1. Hukum perikatan (Verbintenissenrecht) adalah kaidah-kaidah hukum yang mengatur hubungan hukum antara subyek hukum dengan obyek hukum yang satu dengan lainnya dalam bidang harta kekayaan (hak dan kewajiban). Unsur-unsur yang terdapat dalam hukum perikatan adalah adanya kaidah hukum (tertulis/tidak tertulis), adanya subyek hukum, adanya obyek hukum dan dalam bidang harta kekayaan (hak dan kewajiban).
2. Hukum perikatan yang disadur dari www. konsultasihukum.com, Hukum perikatan adalah suatu perhubungan hukum antara dua orang atau dua pihak, berdasarkan mana pihak yang satu berhak menuntut pihak yang lain berkewajiban untuk memenuhi tuntutan itu. Hukum perikatan terdiri dari perihal perikatan dan sumber-sumbernya, macam-macam perikatan, perikatan-perikatan yang lahir dari undang-undang, perikatan yang lahir dari perjanjian, perihal resiko, wanprestasi dan keadaan memaksa, perihal hapusnya perikatan-perikatan dan beberapa perjanjian khusus yang penting.
Perikatan dalam KUH Perdata:
Ø Perikatan Umum (Pasal 1233 sampai dengan Pasal 1321 KUH Perdata) mengatur mengenai sumber perikatan, prestasi, penggantian biaya, ganti rugi dan bunga akibat tidak terpenuhinya perikatan dan jenis-jenis perikatan.

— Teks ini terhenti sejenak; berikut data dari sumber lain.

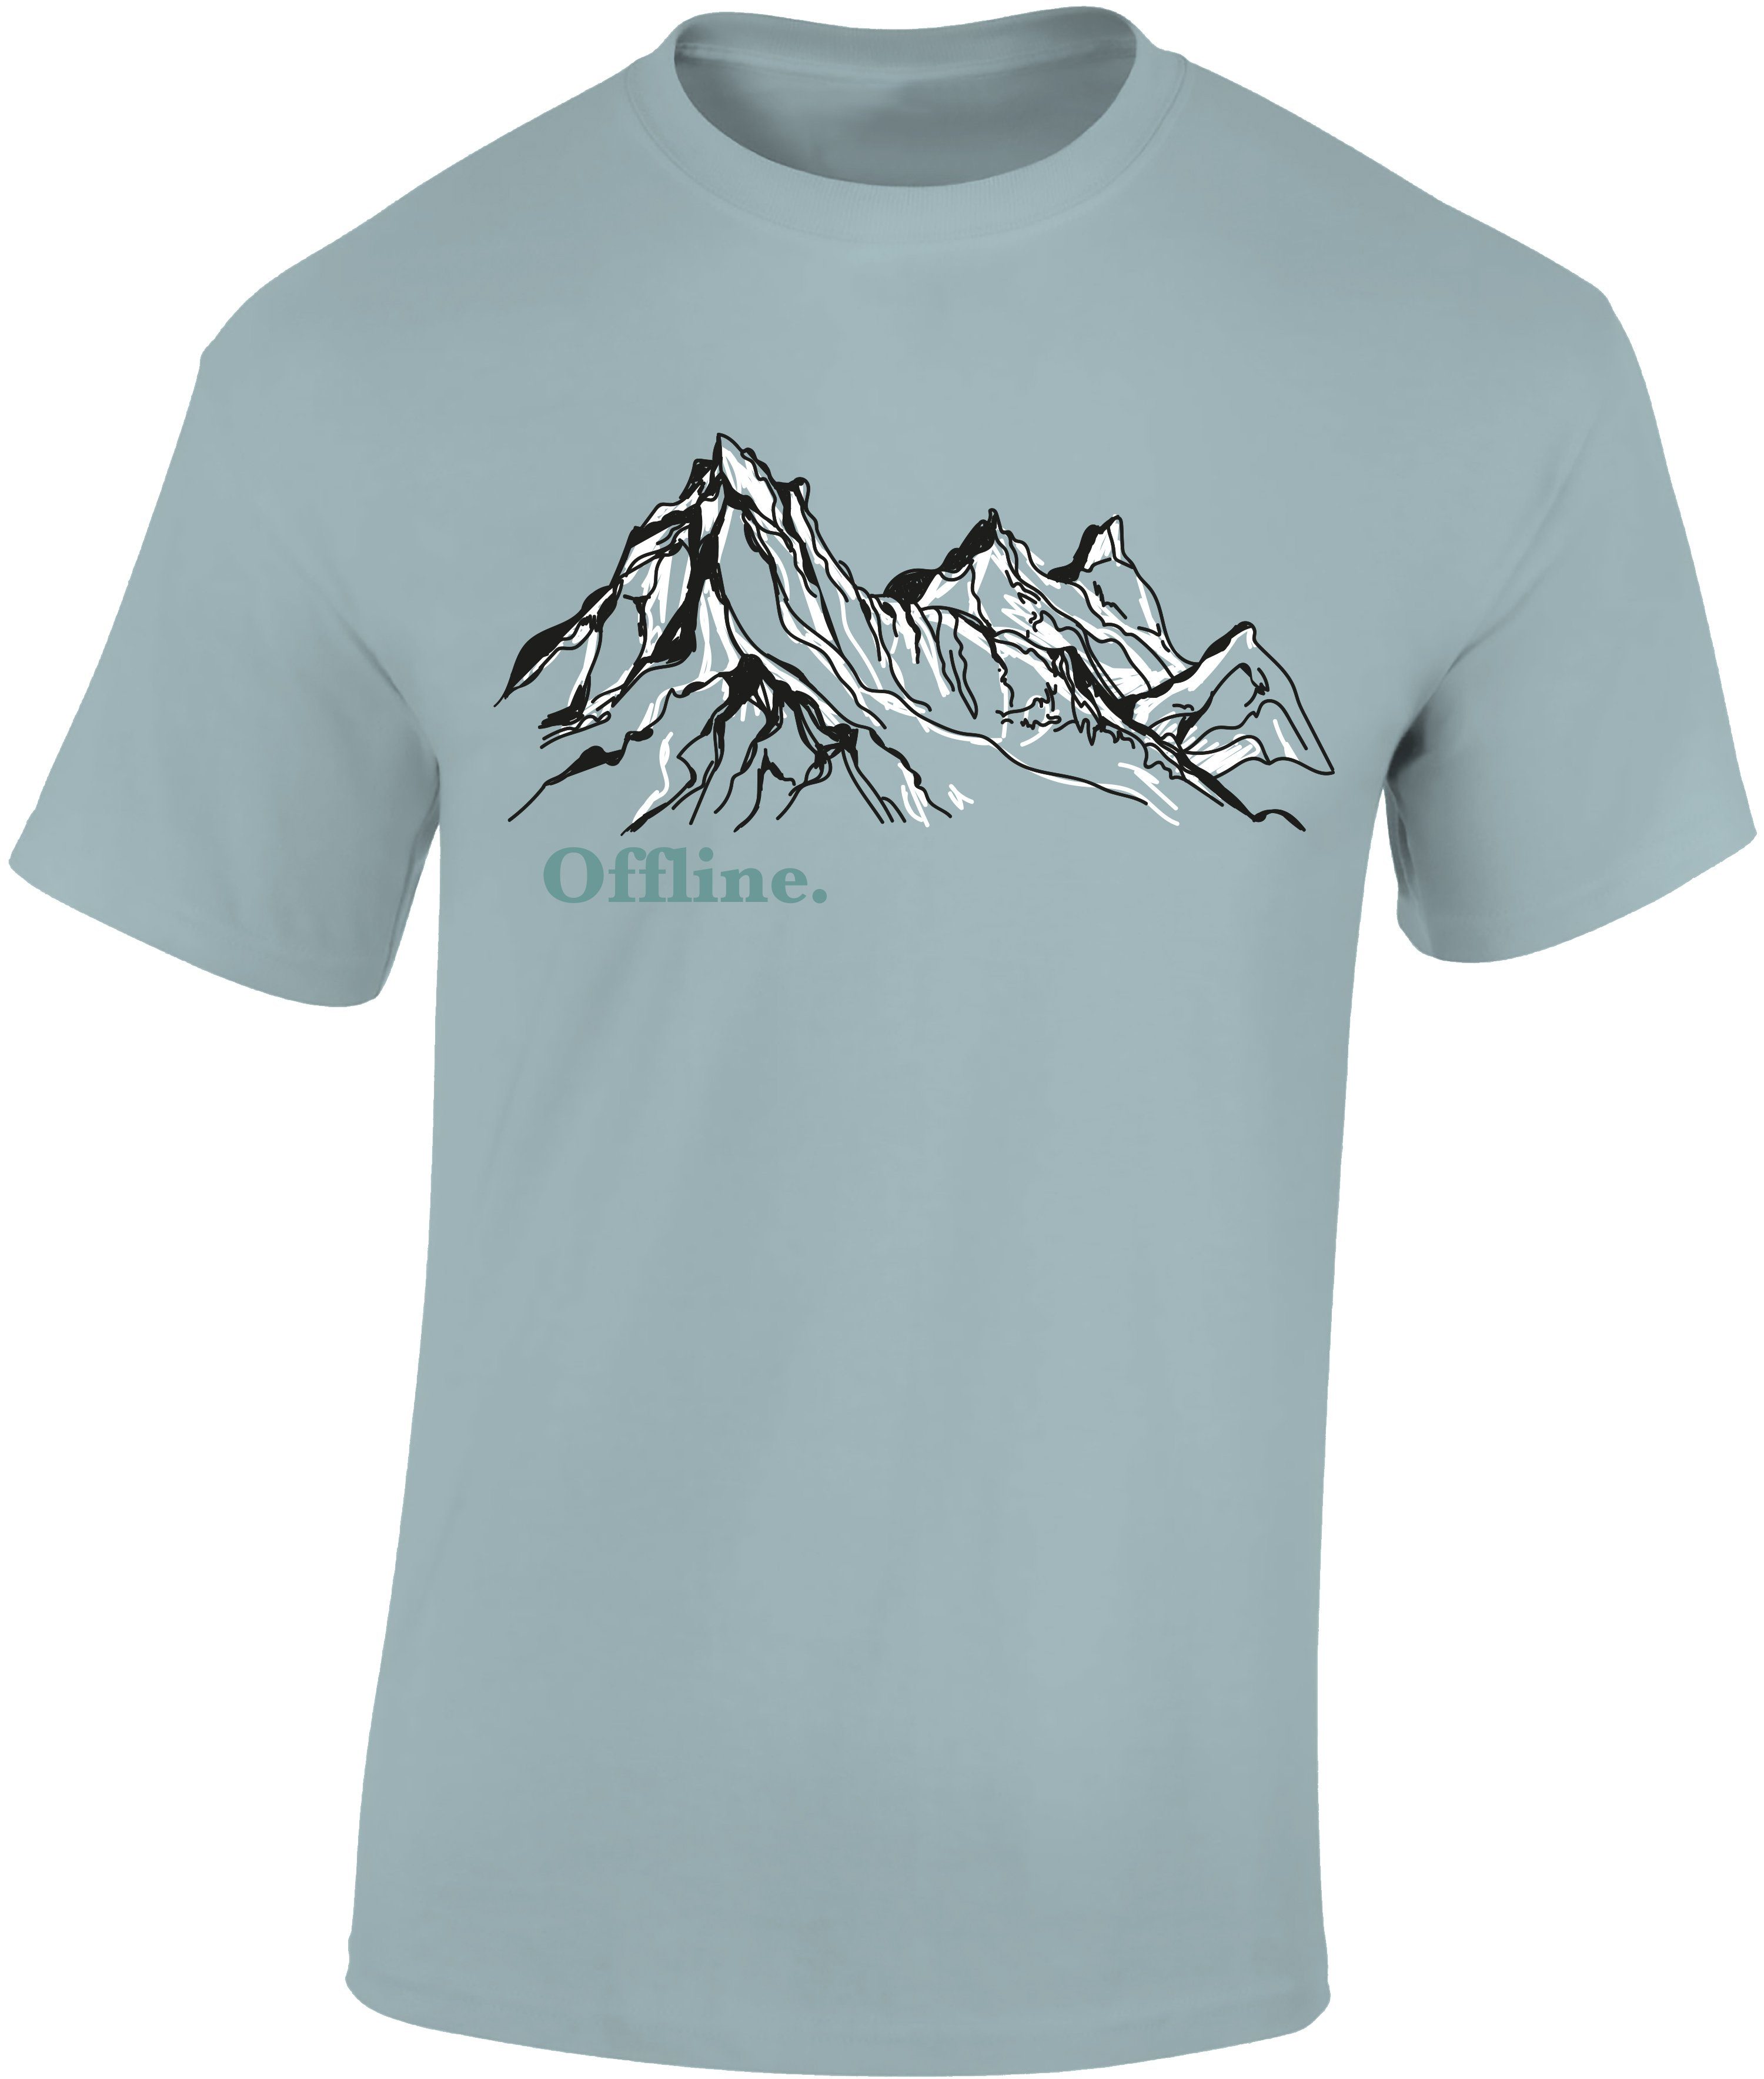 Baddery Print-Shirt Wander Tshirt : Offline - Kletter T-Shirt für  Wanderfreunde hochwertiger Siebdruck, aus Baumwolle

Ø Perikatan dari Perjanjian (Pasal 1313 sampai dengan 1351 KUH Perdata) mengatur mengenai ketentuan umum, syarat-syarat sah perjanjian, akibat perjanjian dan penafsiran perjanjian
Kontrak termasuk kontrak pekerjaan konstruksi merupakan bagian dari bentuk kesepakatan. Kontrak pekerjaan konstruksi termasuk dalam hukum PERJANJIAN.
1.1.2. Hukum Perjanjian
Sebagai mahluk sosial manusia selalu berhubungan dengan manusia lainnya. Interaksi yang terjalin dalam komunikasi tersebut tidak hanya berdimensi kemanusiaan dan sosial budaya, namun juga menyangkut aspek hukum, termasuk perdata. Naluri untuk mempertahankan diri, keluarga dan kepentingannya membuat manusia berfikir untuk mengatur hubungan usaha bisnis mereka ke dalam sebuah perjanjian.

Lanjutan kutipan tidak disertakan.